I'm so torn. I miss and love my husband, but I also have feelings for the guy I'm seeing now. I care about them both, but I'm married to one. What do I do?? I don't want to hurt anyone. HELP!!!
Boy are you in a bind. All I can say to you is, you have to make up your mind regarding whether you want to give your husband a second chance or not? It sounds like a part of you wants to. If your husband were the type of man who apologized and begged for forgiveness every other day, then I'd say his talk is cheap. But, it sounds like your husband really woke up and realized what he lost.
The big question is: how do we know he won't fall back into old habits once he gets you back. And, I would ask him that question. In addition, I would want him to do some serious self and couple work to make sure that the reasons why he neglected you in the past are resolved. Make sure that you don't jump back in the saddle before you have the assurances that you need.

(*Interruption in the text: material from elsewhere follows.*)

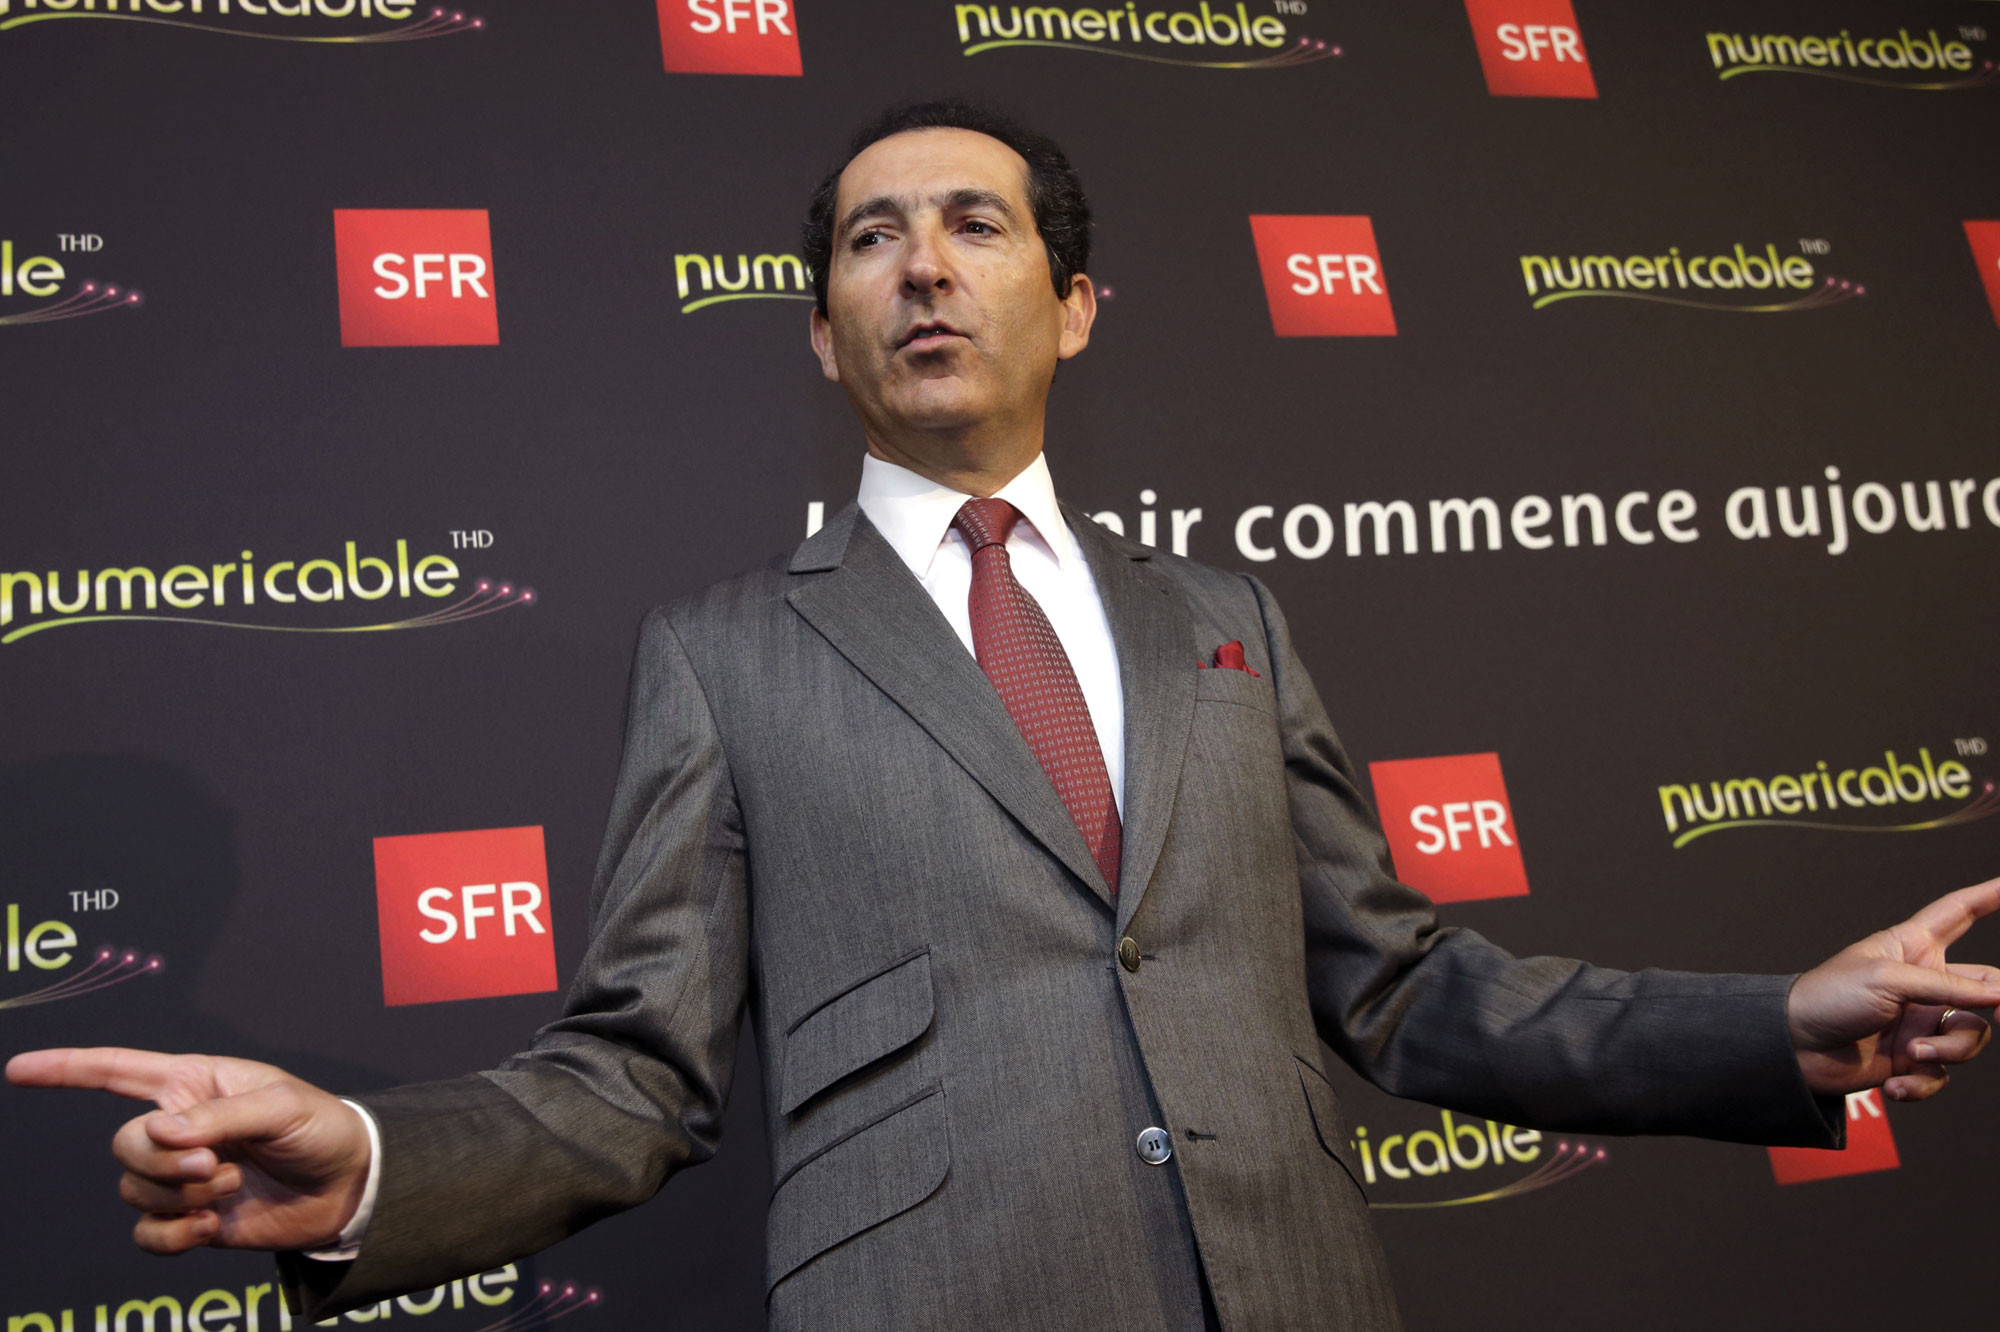 SFR acquiert 100% de Covage pour une valeur de 1 milliard d'euros

Point being, it is easy to say I'm sorry and I want you back, but it is hard to do the work necessary to make internal changes that stick. Is he willing to do this? He has to do and say a lot to convince you of this. I imagine you're afraid that if you give your husband a second chance, that this new man won't wait around. And, this is a risk. In a conflict like this, you simply need to take a position and go with it. There are pros and cons to each side, and if I were you I would write all the pros and cons down to help you clarify where you stand.
In reading your letter, I kept getting the sense that you would feel guilty and regretful if you didn't give your husband another chance. If that is true, then I can understand why you would want to give him another try. But, please make sure that all your conditions are met before you burn your bridges with your lover.